Подружки в школе у меня не завелось, а значит, ухаживать я не умел, и все мое образование по этой части сводилось к книгам да мудрым маминым советам: во-первых, девушкам дарят цветы, водят в кино и кафе-мороженое, а во-вторых, изредка держат за ручку, читают стихи и смотрят проникновенно им в глаза. Но подержаться за Алины пальчики охотников было не счесть, и потому я решил, что выражу чувства иначе: залезу на Колокольню и напишу ее имя где-нибудь пониже туч, повыше сосен. Вот и полез, благо ночи в ту пору стояли белые, а часовых Арефьев не выставил. Какие часовые, какая стража? Патриархальные времена, семьдесят первый год…
Но и тогда Колокольня была не подарок. Настолько не подарок, что забирались на нее лишь мастера и чуть ли не каждый сезон платили за победы кровью. Плата взималась согласно простому правилу: из десяти падали двое, причем один – со смертельным исходом. В грядущие годы я много где побывал, но свое первое восхождение и этот карельский утес, прыщ в сравнении с той же Чогори либо Тиричмиром, не позабуду никогда. В нем ощущалась некая надменность и враждебность, будто, презирая нас, людишек, что копошились на его груди, он предупреждал: есть, мол, пики и повыше, а для вас и я высок. Как полетите вниз, увидите!
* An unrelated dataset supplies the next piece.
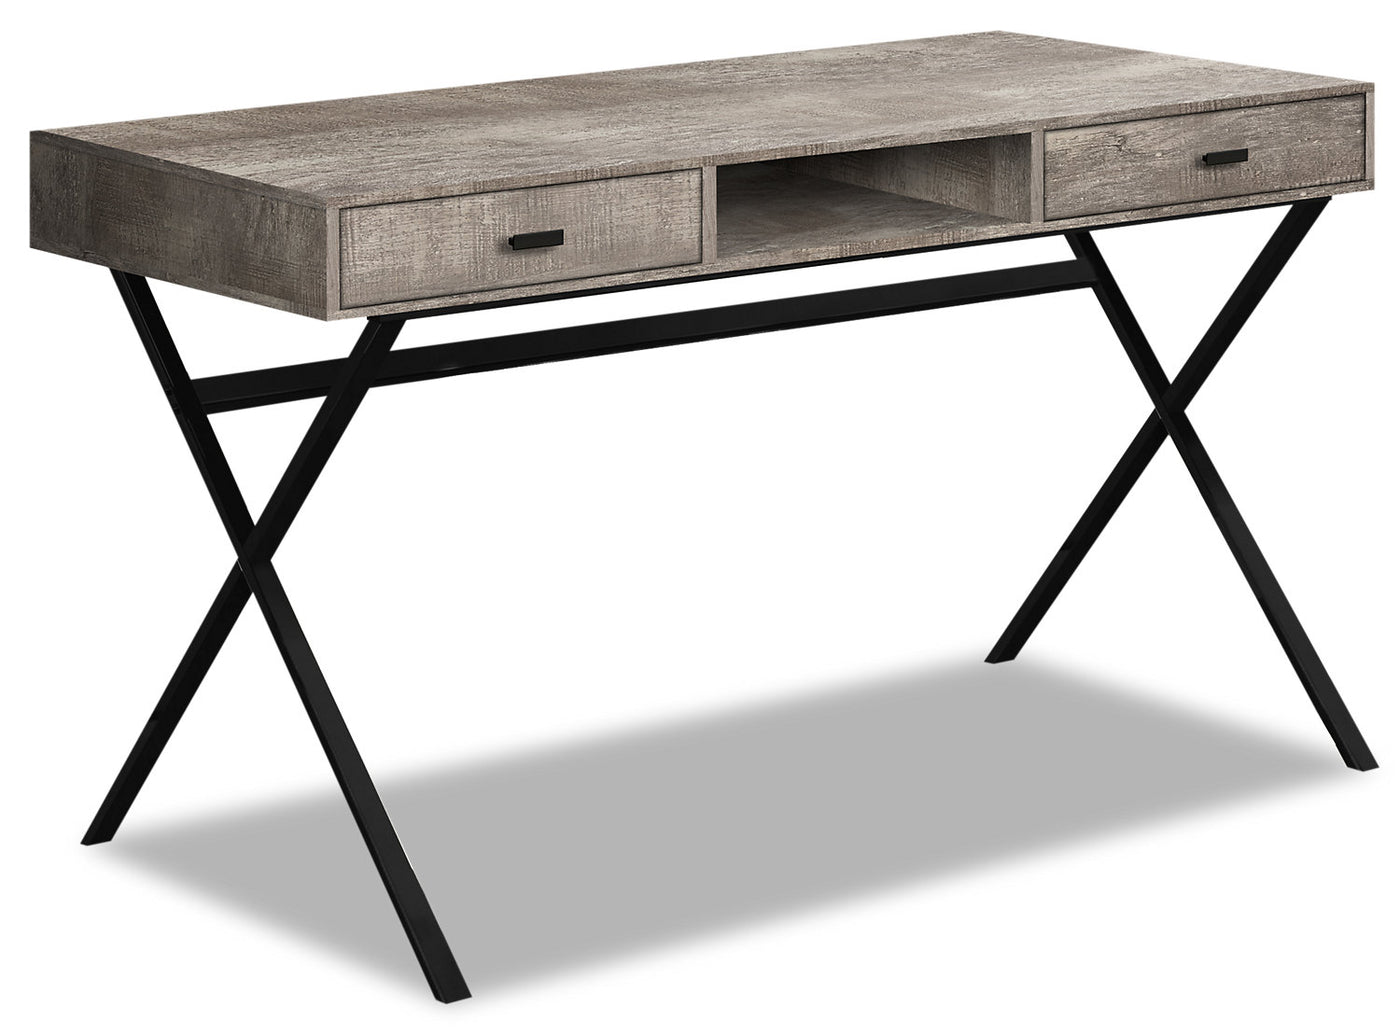 Flynn Reclaimed Wood Look Desk Taupe The Brick

И я увидел, когда распластался над стометровой бездной, цепляясь скрюченными пальцами за камень. Дороги я не знал, и занесло меня на стенку, где мастерам без крючьев и страховок делать было нечего. Хорошая стена! Ни вверх, ни вперед, ни назад, а только вниз… Там я и висел, испытывая муки отчаяния и позора. Крикнуть или не крикнуть? И если крикнуть, кто услышит? Было пять утра, и в нашем лагере – восемь палаток-серебрянок под темными лапами сосен – еще ни звука, ни движения. Все спали. Может быть, услышали бы, но я не сомневался, что громкий вопль сдует меня со скалы. Сорвет, словно пушинку, и бросит вниз…
Закрыв глаза, я прижимался к теплому граниту и думал об отце и маме. Думы были мрачными, безнадежными; что-то не совсем понятное брезжило передо мной, шептало где-то под черепом странные слова: будто принадлежу я не только себе, но и другим, родившим и воспитавшим меня, а кроме них, еще есть долг – неясно, перед кем, но чрезвычайно важный, не разрешающий кончить жизнь под этой скалой. Жизнь должна продолжаться, шептал бесплотный голос, а то, что случилось, – лишь эпизод, один из тугих узелков в ее нескончаемой нити. Ты его развяжешь, этот узел, а если не сумеешь развязать – разрубишь… Стоит только пожелать!
Я пожелал. Я не хотел висеть на этой проклятой скале, будто пришпиленный к ней булавкой, и падать я тоже не собирался. Сосна у моей серебрянки и кочка под ней – вот место, о котором мне мечталось. Я видел эту кочку, уютную, мягкую, заросшую мхом; видел не глазами, а как-то иначе, по-другому, словно она пребывала не в пропасти подо мной, не в дремучем карельском лесу, а гораздо ближе – возможно, в моей голове. Это ощущение казалось таким отчетливым и ярким, что…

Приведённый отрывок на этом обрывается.